Imperial College London coordinates the REACT-1 program. Each month, researchers ask a random sample of more than 150,000 people from across England if they would like to take part in the study.
Scientists then post reverse transcription-polymerase chain reaction test kits to individuals taking part in the study, which they return via courier so that the scientists can analyze the results.
The recent findings are from the 13th round of analyses, covering June 24 to July 12, 2021. During this time, the scientists analyzed 98,233 participant swabs.
The scientists found that of the returned swabs, 527 were positive for SARS-CoV-2. This equates to around 0.63% of all samples returned.
This is over four times as many positive samples as the previous round, covering May 20 to June 7, 2021, which stood at 0.15%.
The scientists were able to determine the genetic lineage of 254 of the swabs containing SARS-CoV-2. All of these were the Delta variant. The Alpha variant — which, in the previous round, made up over 10% of positive cases — had been completely replaced.
The American Society for Microbiology notes that the Delta variant could be 40–60% more infectious than the Alpha variant. This is likely to account for its current dominance in England.
The researchers behind the REACT-1 study also found that the prevalence of SARS-CoV-2 was nine times higher in people aged 13–17 years compared with the previous round.

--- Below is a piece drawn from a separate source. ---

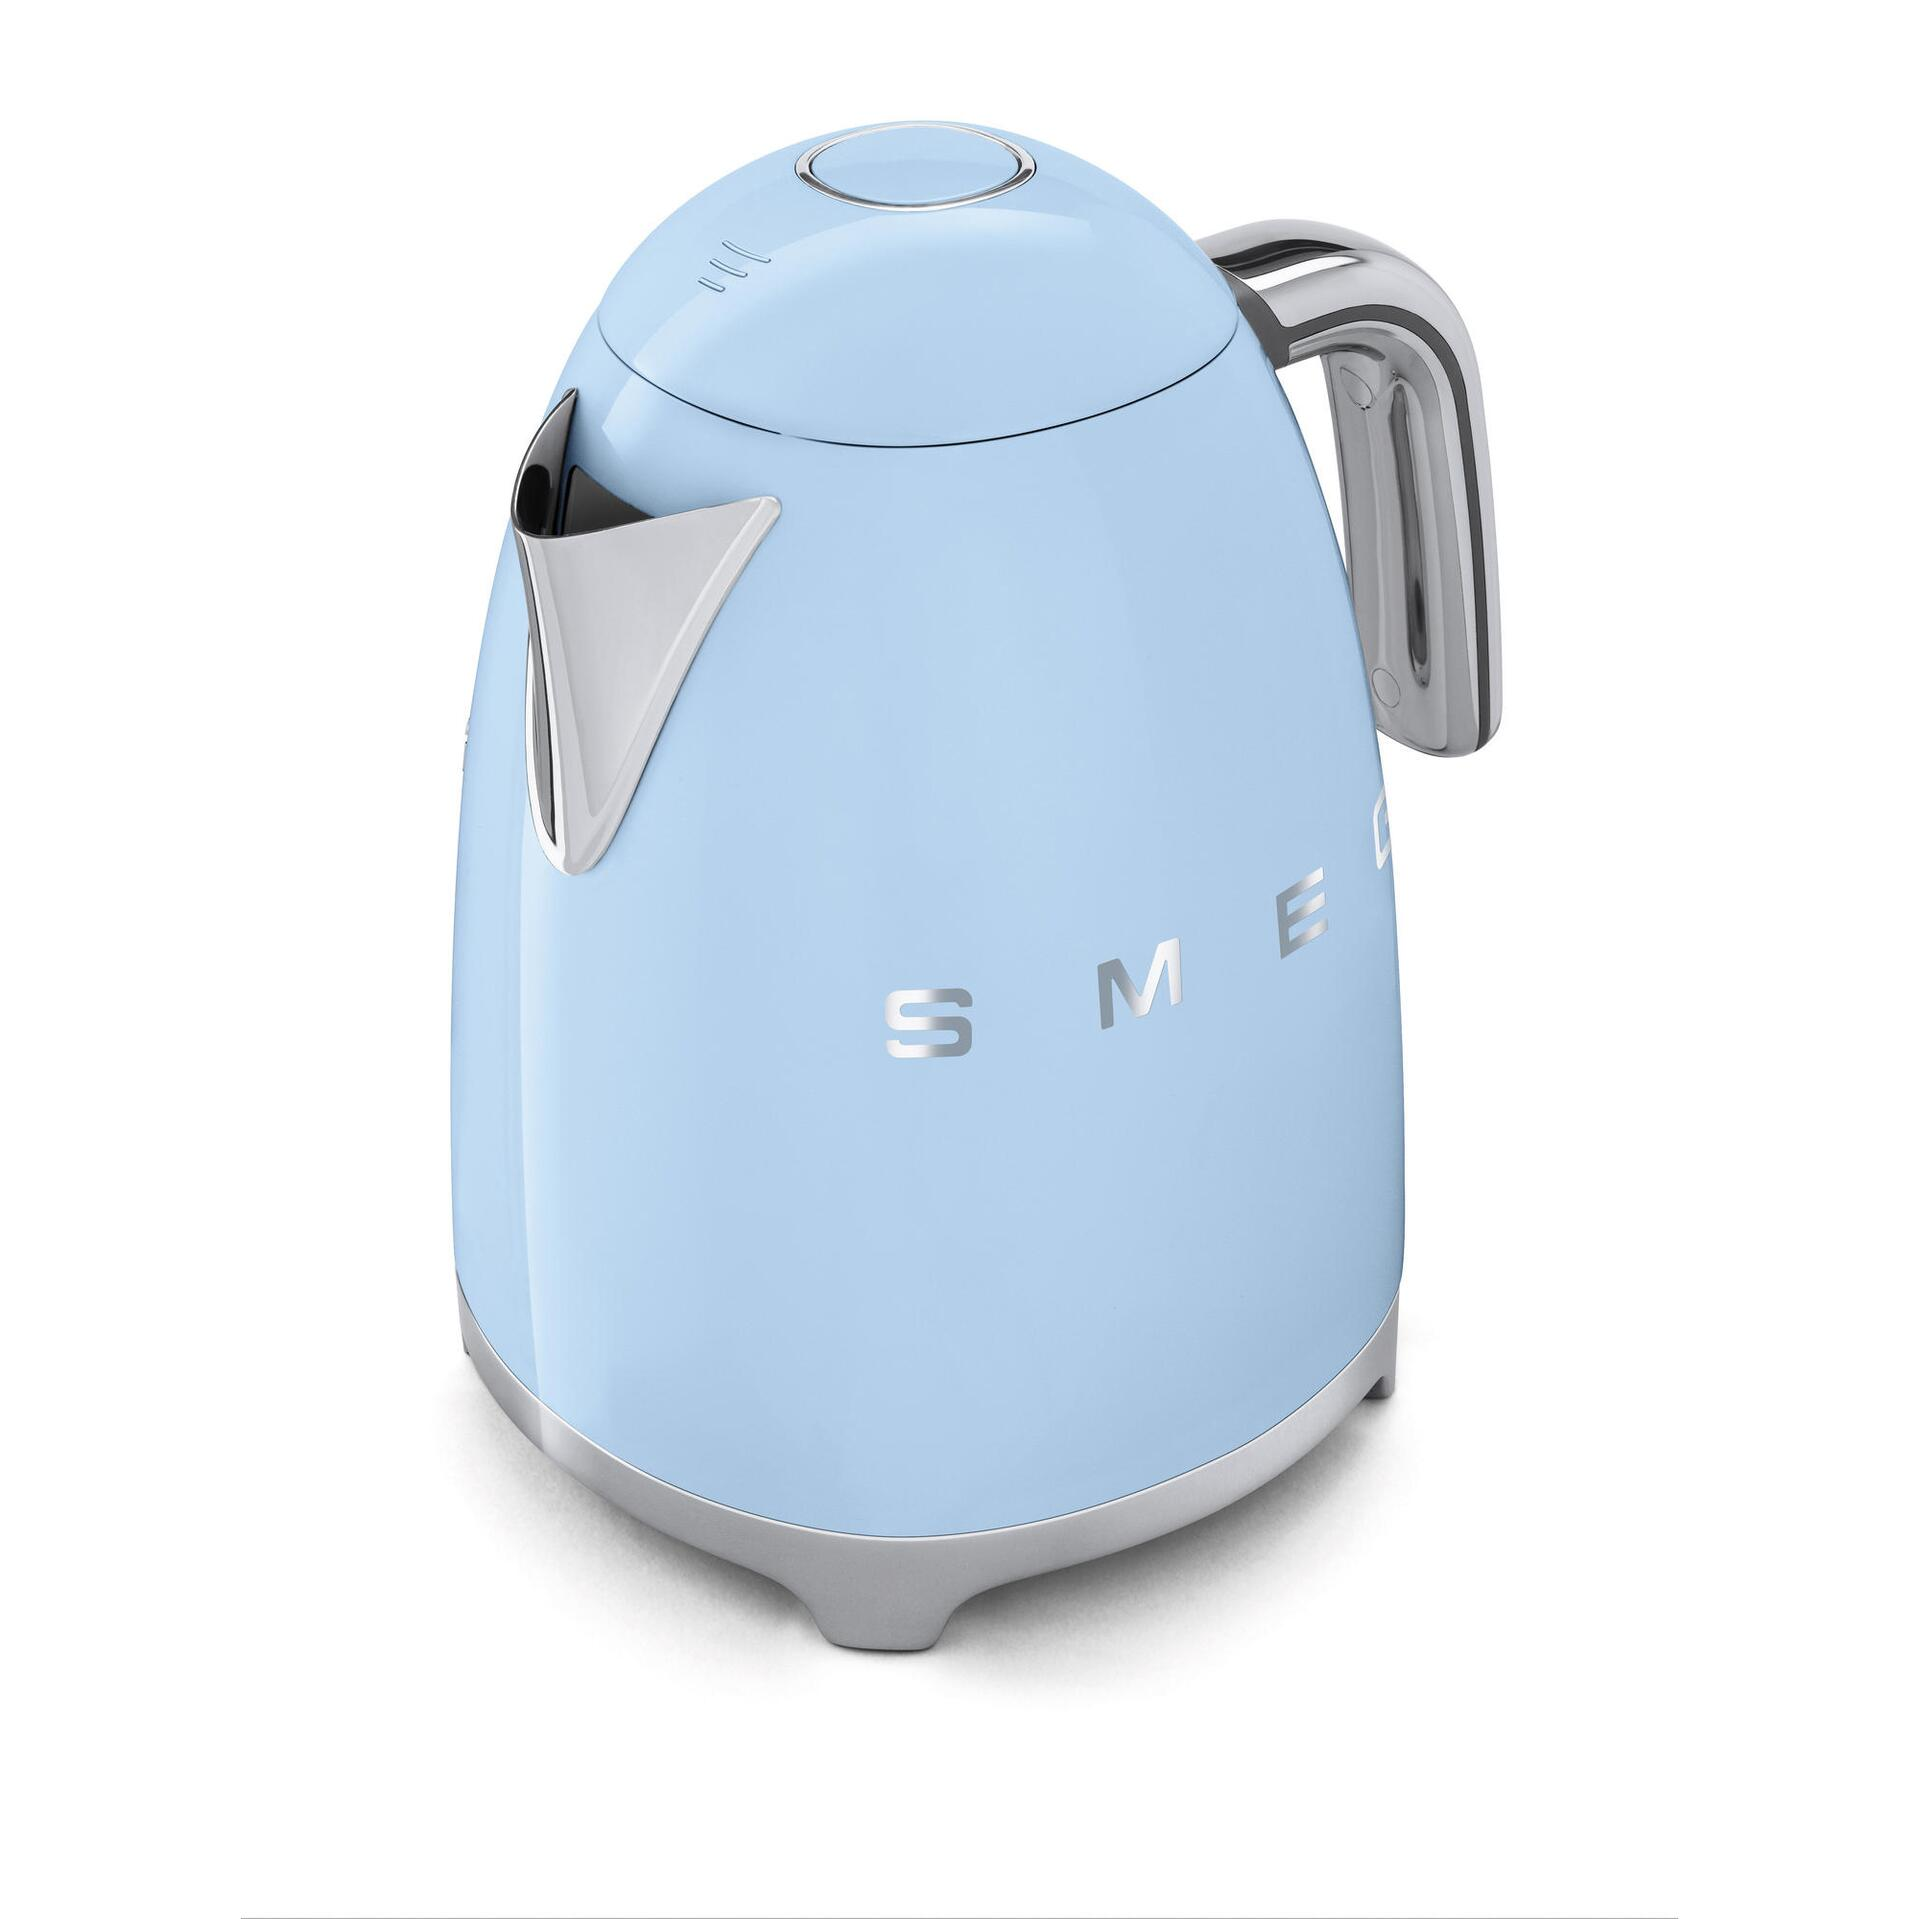 Smeg Retro Wasserkocher 1,7 Liter Pastellblau

Furthermore, people aged 5–24 years made up 50% of the positive results, despite this age group only accounting for 25% of people over the age of 5 years in England.

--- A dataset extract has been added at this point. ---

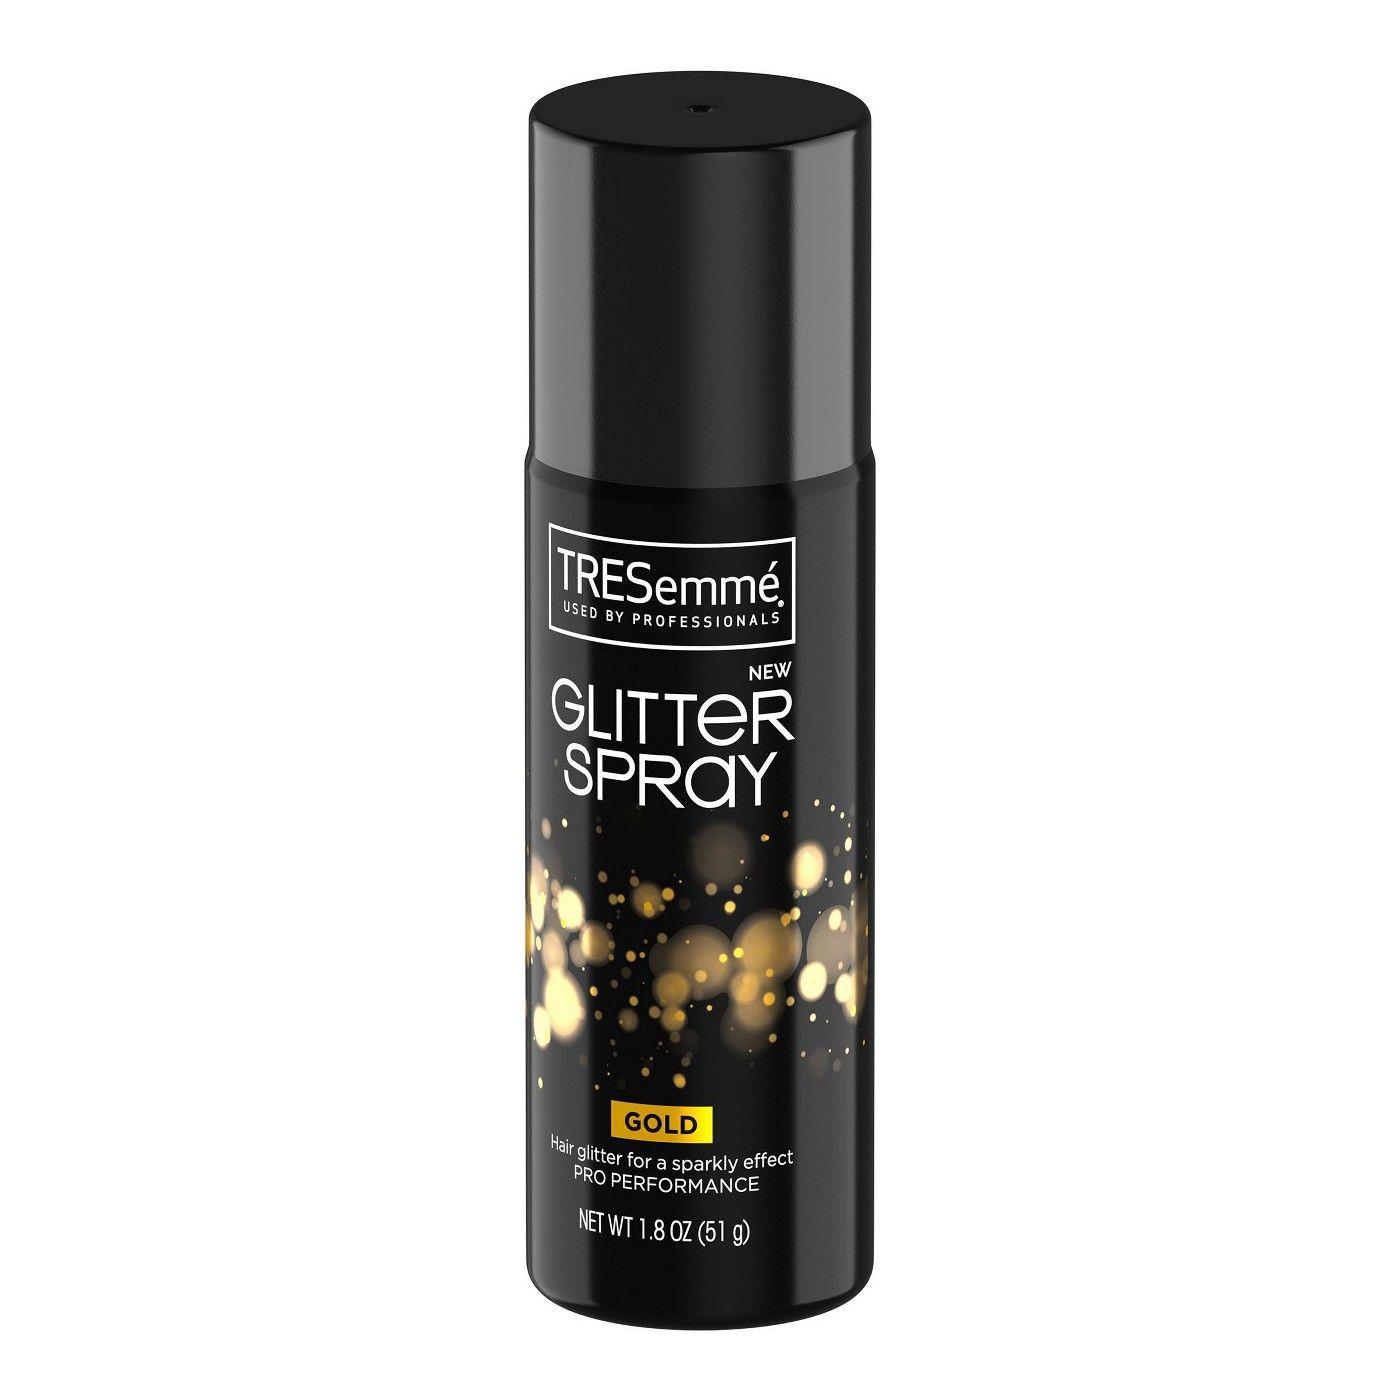 Tresemme Glitter Hair Spray Gold 1 8oz Glitter Hair Spray Glitter Hair Dark Dry Shampoo

The results for the effectiveness of the vaccines were mixed. On the one hand, the vaccines are still making a significant difference in protecting people from the virus. In fact, unvaccinated people are three times more likely to contract the virus than vaccinated people.
However, after adjusting for a range of variables, the researchers found that vaccine effectiveness was 49%. This is a reduction from the previous round of analysis, which found the vaccines to be 64% effective.

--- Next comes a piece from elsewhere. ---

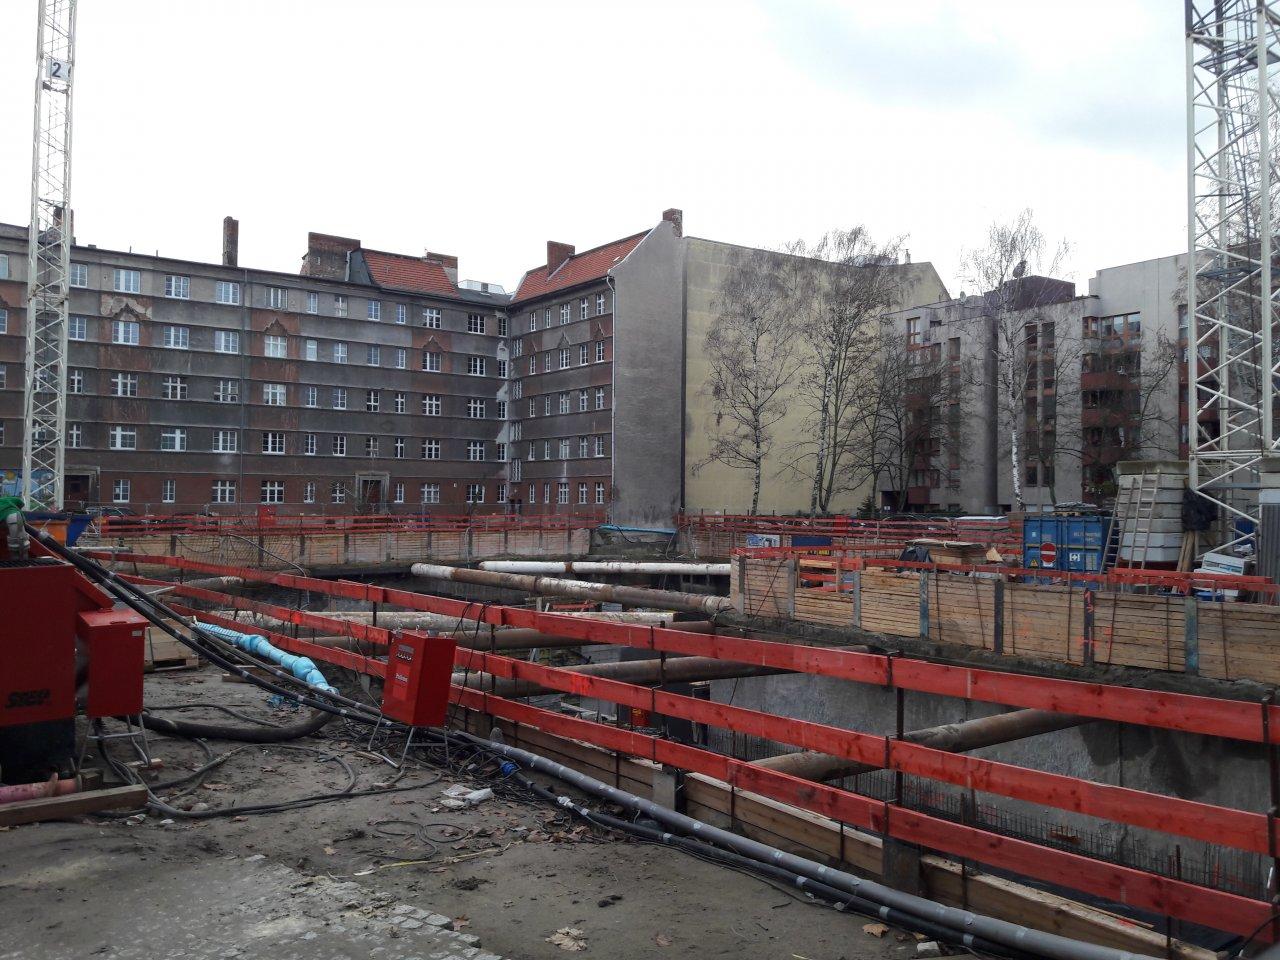 Alexander-Berlin-Ralf-Schmitz-Tiefbau.jpg

The vaccines are more effective at protecting against symptomatic COVID-19, at 59% effectiveness. However, this is still a drop from the previous round’s 83% effectiveness.
The vaccines’ reduced effectiveness is also reflected in a recent finding that 75% of people who contracted the Delta variant of SARS-CoV-2 at a recent outbreak in Massachusetts had received both vaccinations.
In light of the increased transmissibility of the Delta variant and the significant number of younger people now contracting the virus, the researchers behind the study suggest that the U.K. government could consider vaccinating those aged 12–17 years.
Speaking with Medical News Today, corresponding study author Prof. Steven Riley — from Imperial College London’s School of Public Health — said:
“[Those aged 12–17 years are] overrepresented in the current distribution of infections. Therefore, vaccinating this group will have a disproportionate impact on slowing the epidemic.”
Currently, in the U.K., those aged 12–17 years who are clinically vulnerable or who live with someone who has a compromised immune system are recommended to receive the vaccine.
The researchers also suggest that developing vaccines specifically for the Delta variant may be necessary.
They point out that their data suggest that the vaccines are still highly effective at protecting against serious cases of COVID-19.
However, in the absence of a perfectly effective vaccine, as infections go up, so too will hospitalizations and deaths — even if these do not follow as sharply.
Data on the Pfizer vaccine also suggest that a third booster dose could offer significant protection against the Delta variant.
However, Dr. Tedros Adhanom Ghebreyesus, director-general of WHO,
“[The] WHO is calling on a moratorium on boosters until at least the end of September to enable at least 10% of the population of every country to be vaccinated.”
“I understand the concern of all governments to protect their people from the Delta variant. But we cannot, and we should not, accept countries that have already used most of the global supply of vaccines using even more of it while the world’s most vulnerable people remain unprotected,” said Dr. Tedros.